After is based on fan fiction about the British boy bander.

by Angelica Florio
Updated: 
Originally Published: 
Frazer Harrison/Getty Images Entertainment/Getty Images

If you're even a casual Harry Styles fan, you've likely heard that After is based on fan fiction about the British boy bander. It follows a series of stories Anna Todd, then a student, posted on the free fanfiction site Wattpad about a romance between Styles and a fictional girl named Tessa Young. (Styles' character's name was changed to Hardin when the story and its sequels were published as novels). Styles has never commented on After or the books that inspired it, but Todd doesn't think he has a problem with her fictionalized depiction of him.

"Sony [who managed One Direction] paid a writer to make the first original fan fiction about the band — I can't imagine they were upset," she told the BBC in 2018. While it's unclear if Sony did in fact commission fanfic about One Direction, it's plausible that the band quietly supported the Wattpad story when it came out in 2013. (Bustle reached out to Sony Music for comment but didn't receive a response).

The story initially came out chapter by chapter, becoming so popular that over six million comments have been left on Todd's work. This led to a book deal for Todd with Simon & Schuster imprint Gallery Books in 2014, and then in 2015, a movie deal with Paramount.

However, not all 1D fans have championed the story, which imagines Styles as an aggressive "bad boy" Tessa meets at college.
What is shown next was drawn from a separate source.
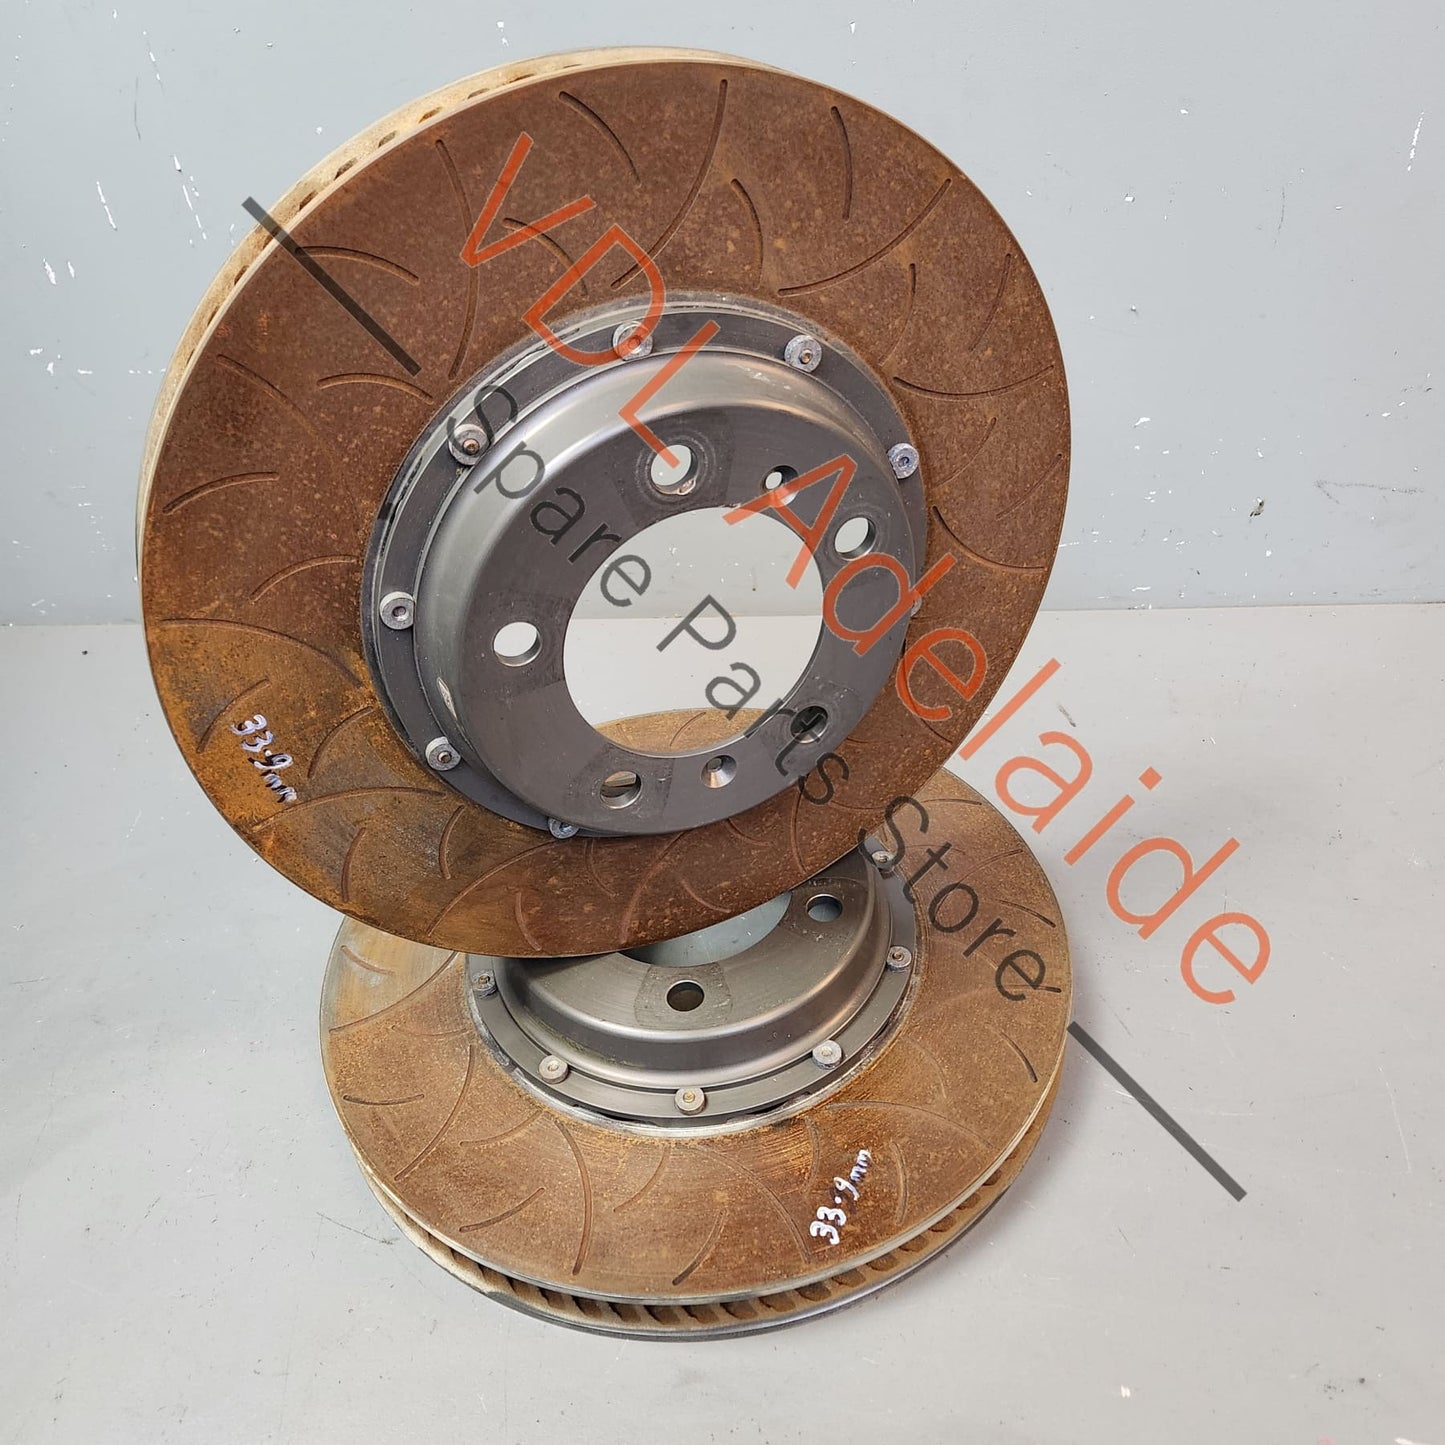 Pair of Brembo Racing 2 Piece Disc Brake Rotors & Hats 350 x 34mm for Iron Conversion from Ceramic PCCB 09930610

One offended fan even created a petition at Change.org titled "Do not produce a glamorized fanfiction!," which urged United Talent, who represent the novels, not to go through with adapting them into a movie.

Others also took issue with the story for perpetuating rape culture. "[After] was based on a fanfiction that portrayed Harry as a verbally abusive punk," the description of the Change.org petition reads. In response, Todd told Cosmopolitan that she was trying to reflect the struggles of two people in a formative part of their lives. "It was just sort of a reflection of me. [Tessa] doesn't know who she is," Todd said.

When the The New York Times reached out to One Direction, their representative said that "the band had no comment on the novel." The publication points out that fictional representations of people are protected as free speech, so After is perfectly legal.

Todd has also said that because Styles is merely her inspiration, the character of Hardin is not intended to cloud people's perceptions of him as a real person. "I love Harry Styles just as much as anyone, and I would never do anything that would hurt his feelings,” she told the Times.

As for how Harry Styles really feels about After, we may never know.